Is it okay to run two or three locomotives together on a DC layout if their speeds are fairly close together, or does it damage the motors? I need multiple engines for heavy trains, but I don't want to ruin my 80+ dollar locomotives.


----------



## Bone1977 (Jan 17, 2014)

I've done it for years without problems. As long as they have roughly the same speed there should be no issues. I tend to put the faster engine in front, but once they are under the weight of pulling it balances out. Don't gun the throttle and if you notice or hear wheel slip from the front engine back off the throttle a bit. I'm currently running three Kato engines for a modern mixed consist of my UP and BNSF stuff without issue. I have a rise that requires at least 2 engines to make it up with the 40 cars I'm pulling.


----------



## gator do 65 (Jan 27, 2014)

As Bone said no problem, Just make sure you have enough amps!
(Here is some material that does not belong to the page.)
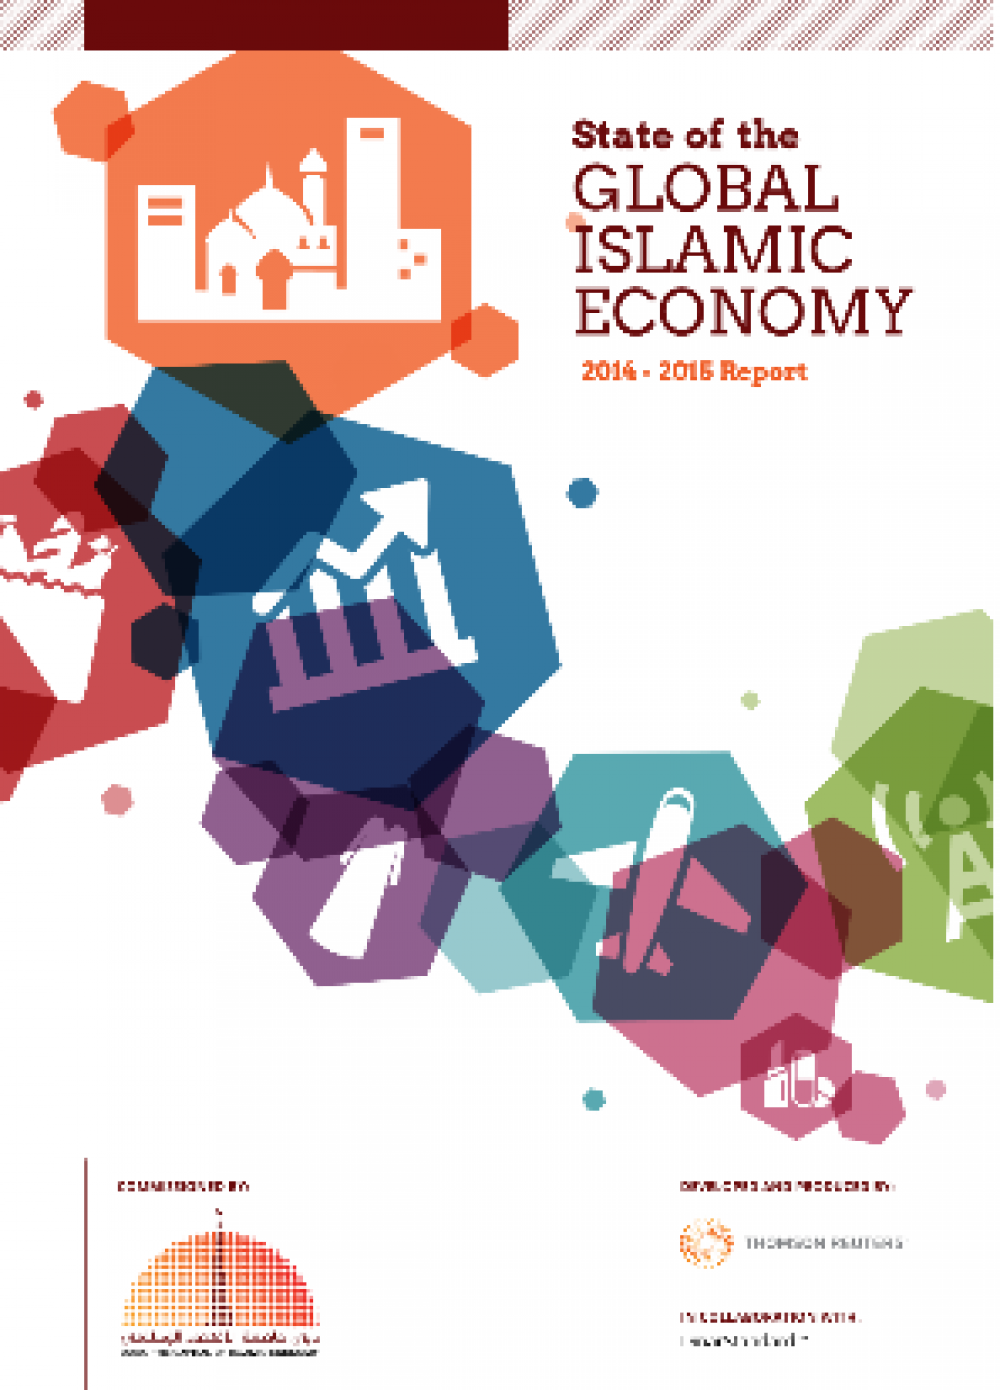 Informe e Indicador del Estado de la Economía Islámica Global 2014-2015

I'm currently running four with a railpower 1300, however the controller does get pretty warm after long sessions and has tripped the overload once but that was just me going for broke running everything!


----------



## Bone1977 (Jan 17, 2014)

I use an MRC 1370 and have no issues running three trains with it. A great and cheap DC power supply. I have the Kato double cross kit for my unitrack layout and use it to power both ovals. When the trains cross the power zones they don't even flicker, even when I run two separate consists and the end up on the same oval.


----------



## Chet (Aug 15, 2014)

No problem. I also have been doing this for years using multiple units for pulling a long train on a grade. My old Atlas Alcos all run at the same speed.


----------



## Howard1975 (Jan 6, 2014)

It's perfectly okay to run multiple locomotives together on regular DC power, as long as they run at about the same speed. If one engine is slightly stronger, I usually put that in front. The other thing to watch for, is the power pack has enough amperage to operate all the locomotives together, without overheating. On a decent power pack, you can usually run 3-6 (sometimes more) N scale locomotives at the same time, if they all behave themselves, and the power pack is strong enough to handle the electrical load. It really depends on how powerful the power pack is, and how much amperage the locos need.


----------